### What you should do:
For the data below, retype word for word the lines from the one containing "Zielona sukienka na pokazie Versace" through the one containing "BadRhino Big &"; drop the pictures.

### Records for this exercise:
--
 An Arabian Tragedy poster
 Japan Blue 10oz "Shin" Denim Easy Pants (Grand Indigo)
--
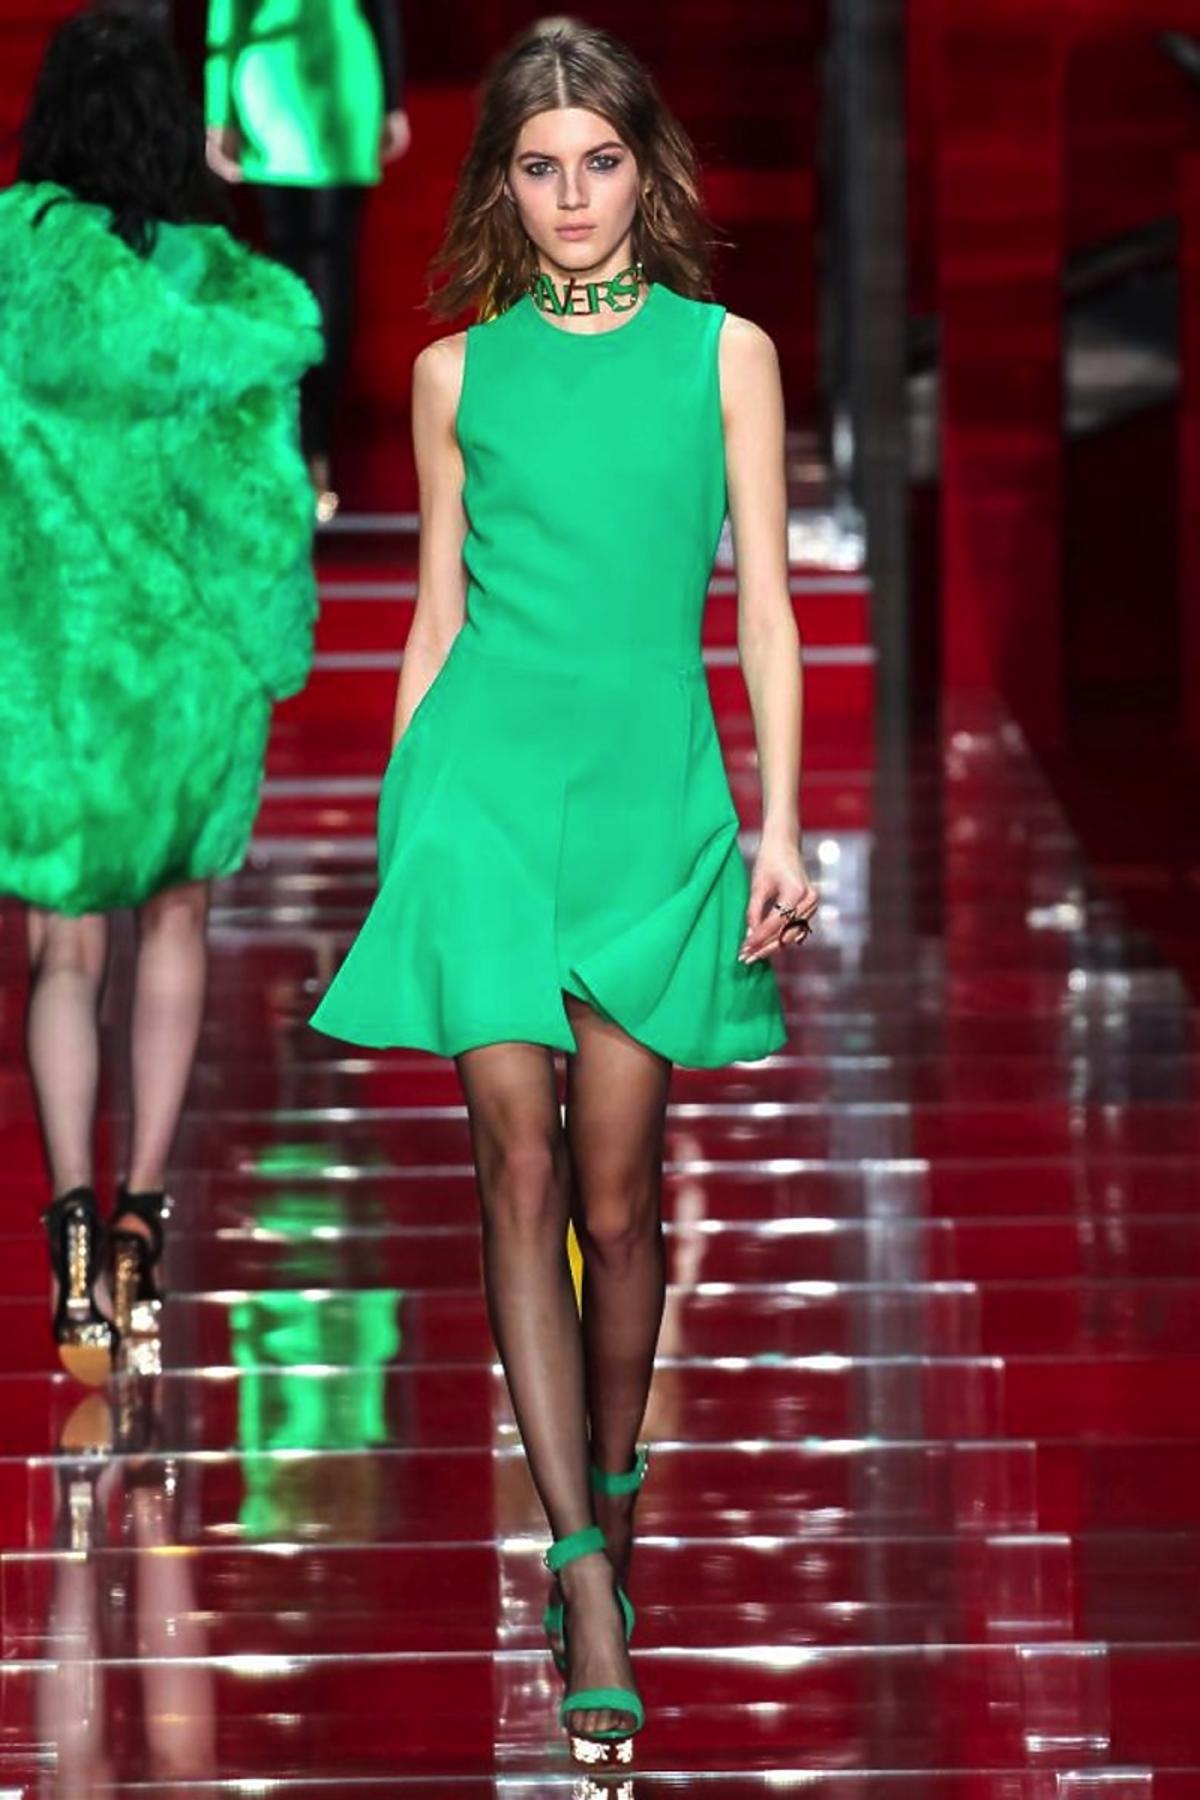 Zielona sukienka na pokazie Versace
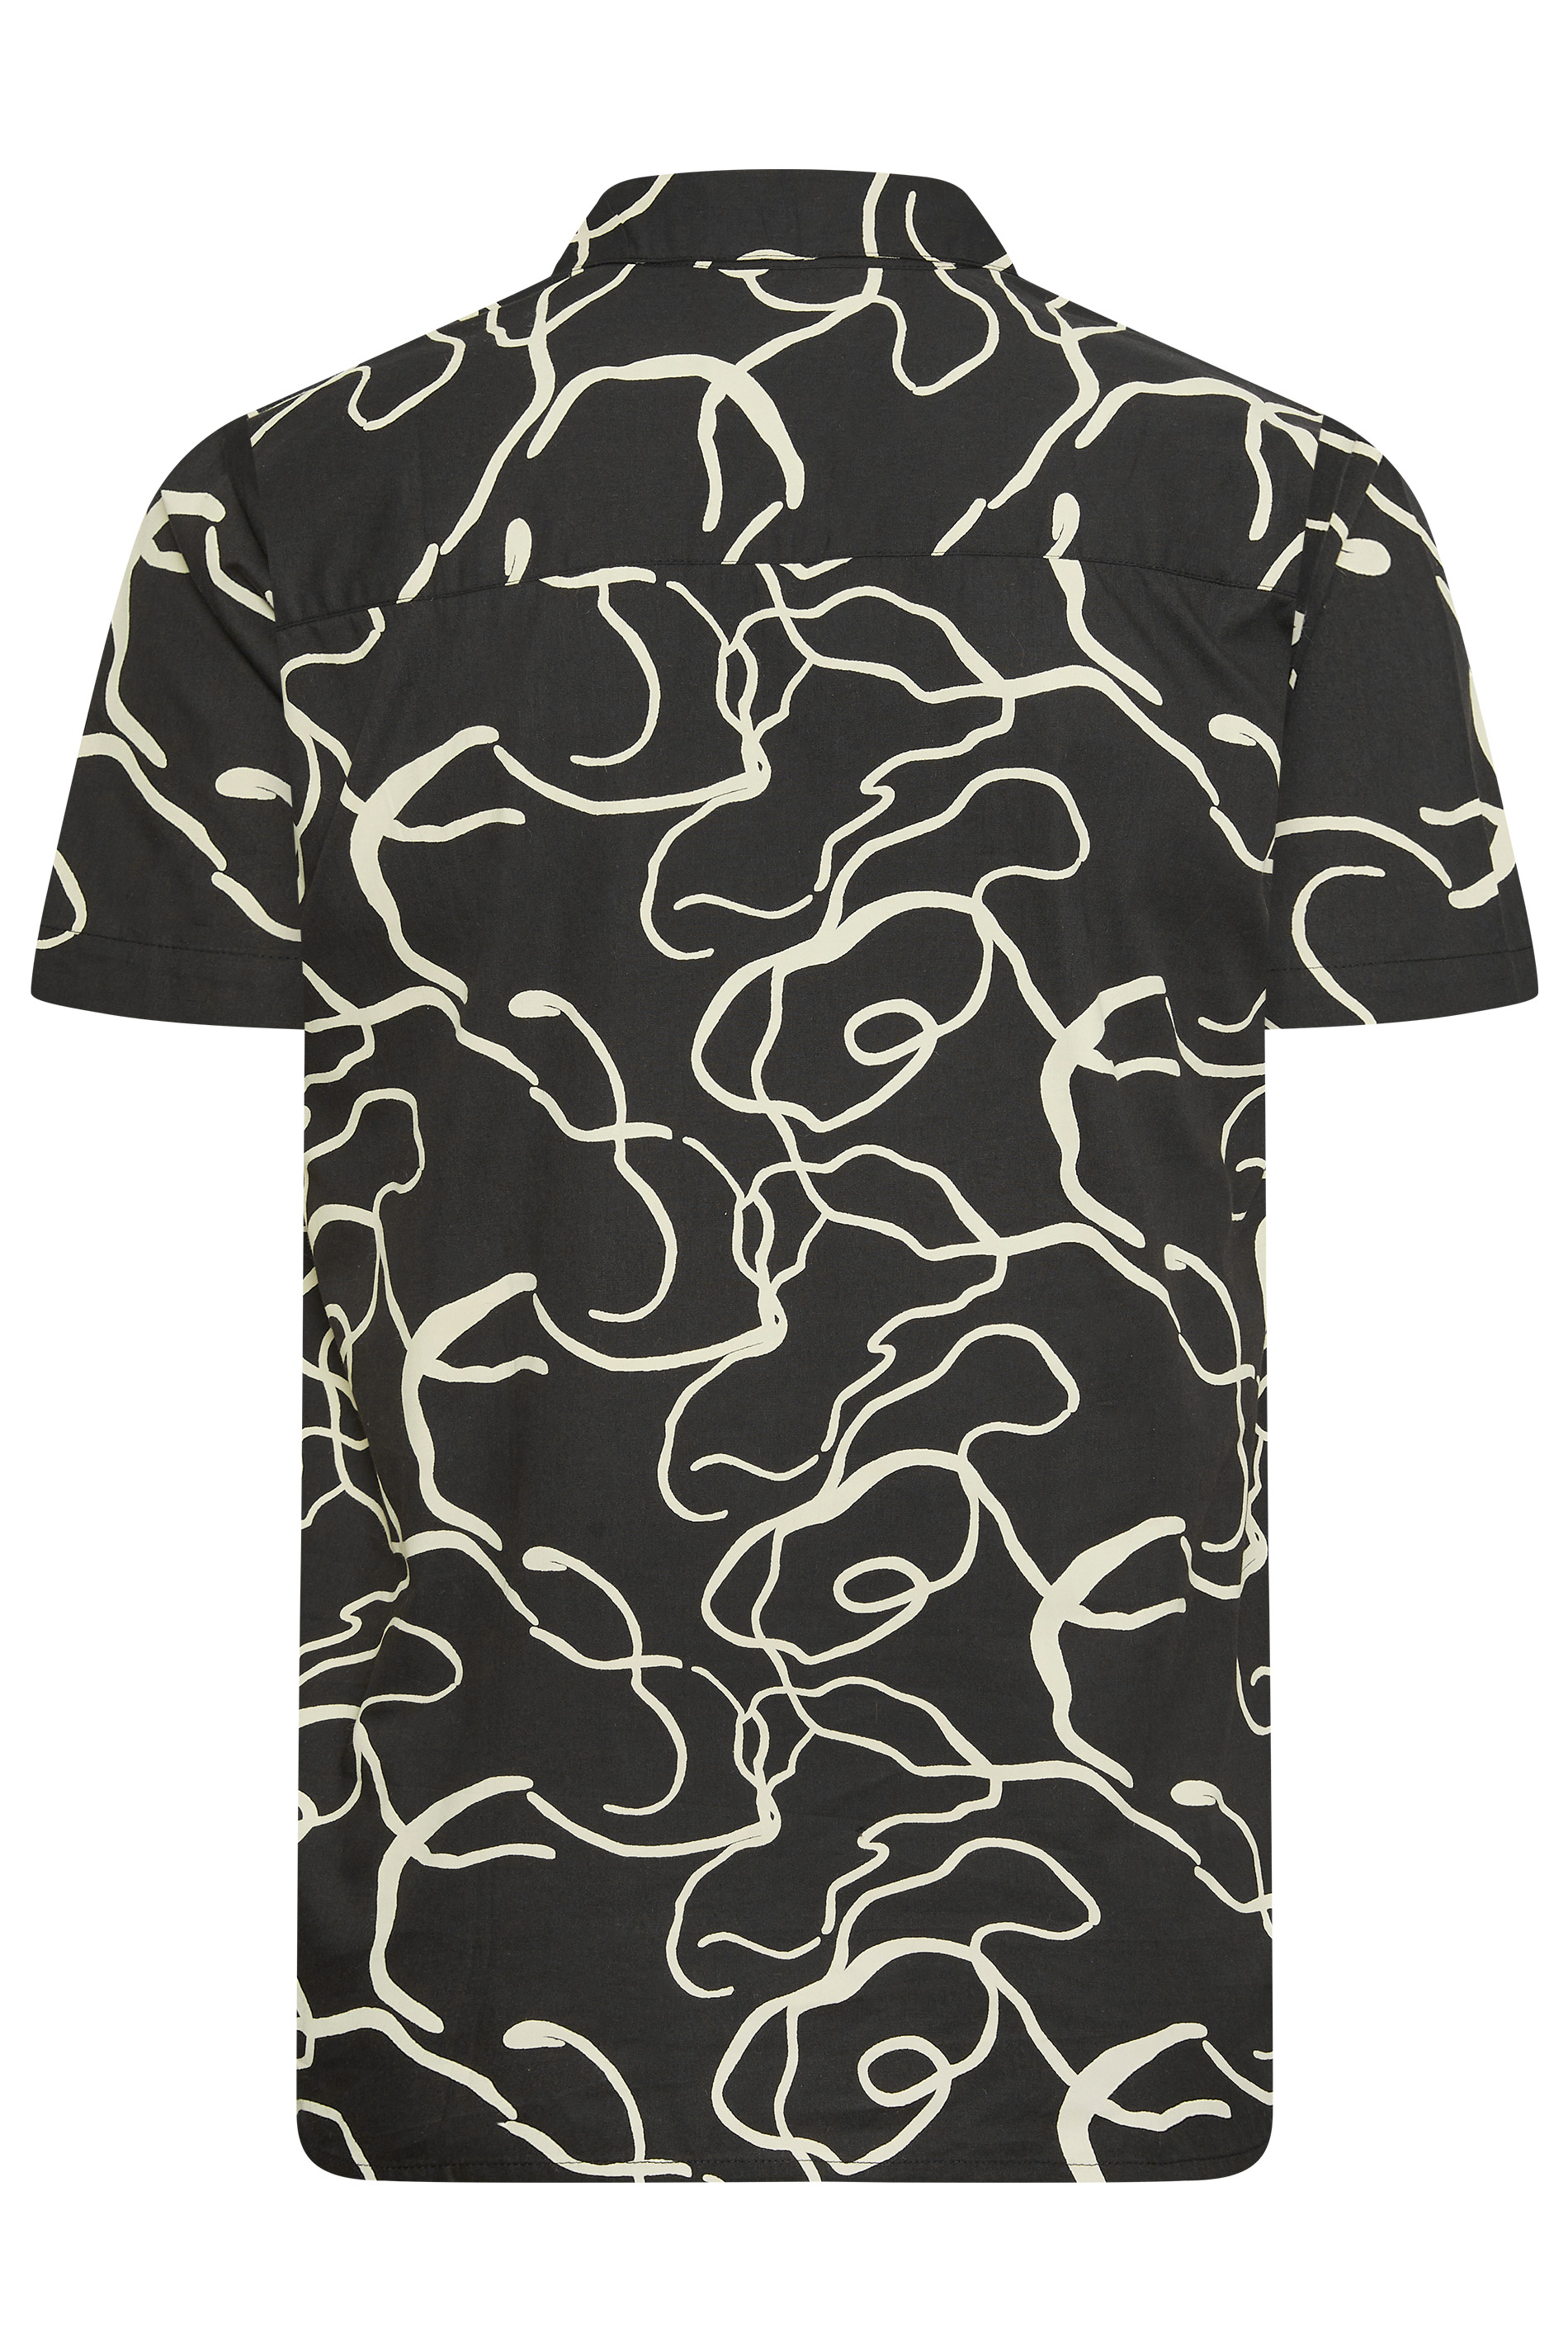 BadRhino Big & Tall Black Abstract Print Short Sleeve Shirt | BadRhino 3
--
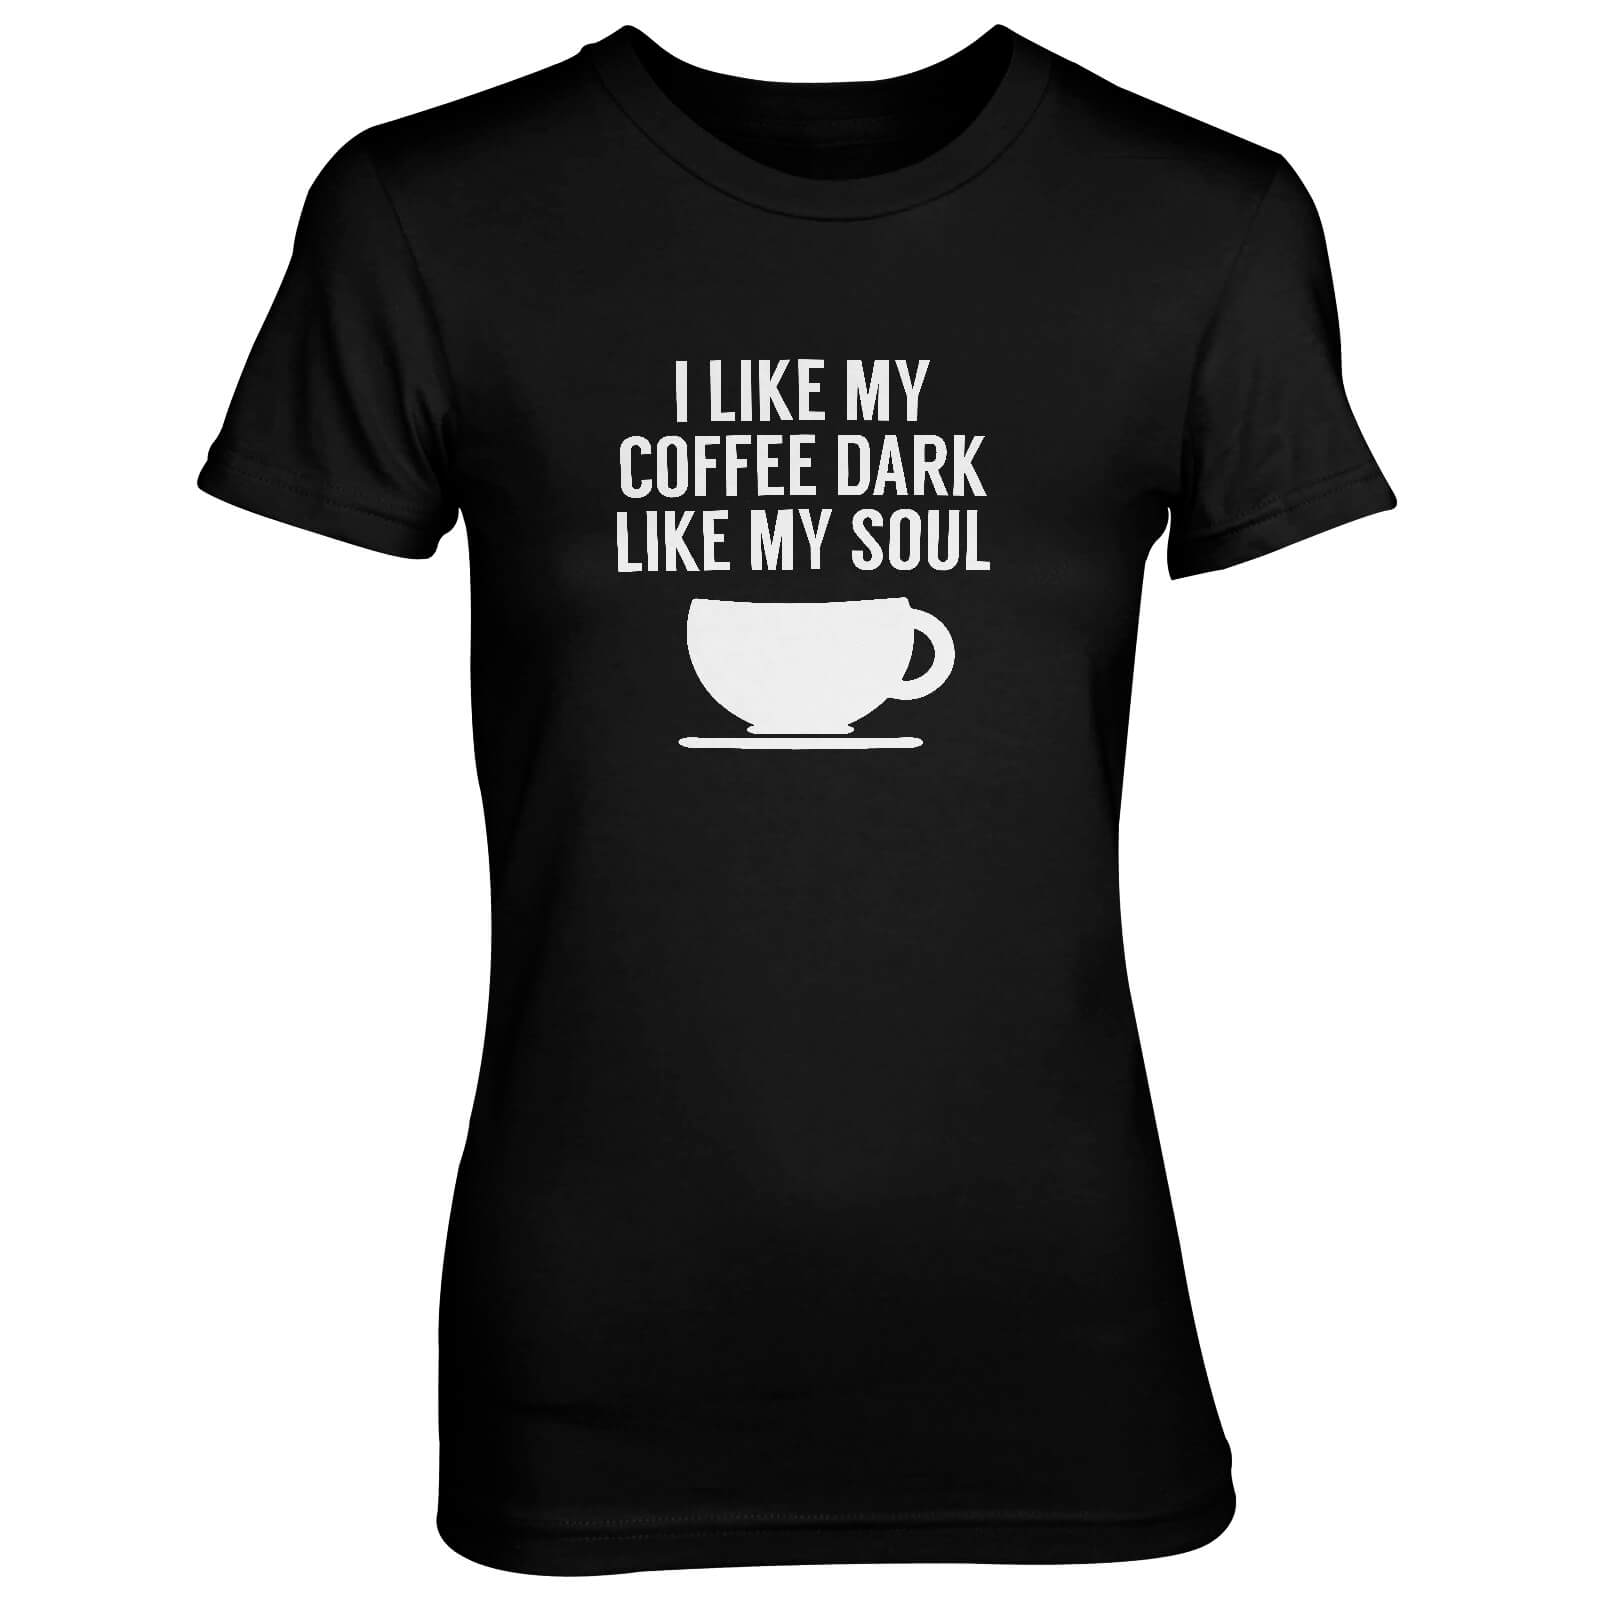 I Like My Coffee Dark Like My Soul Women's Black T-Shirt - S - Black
--
### Expected answer:
 Zielona sukienka na pokazie Versace
 BadRhino Big & Tall Black Abstract Print Short Sleeve Shirt | BadRhino 3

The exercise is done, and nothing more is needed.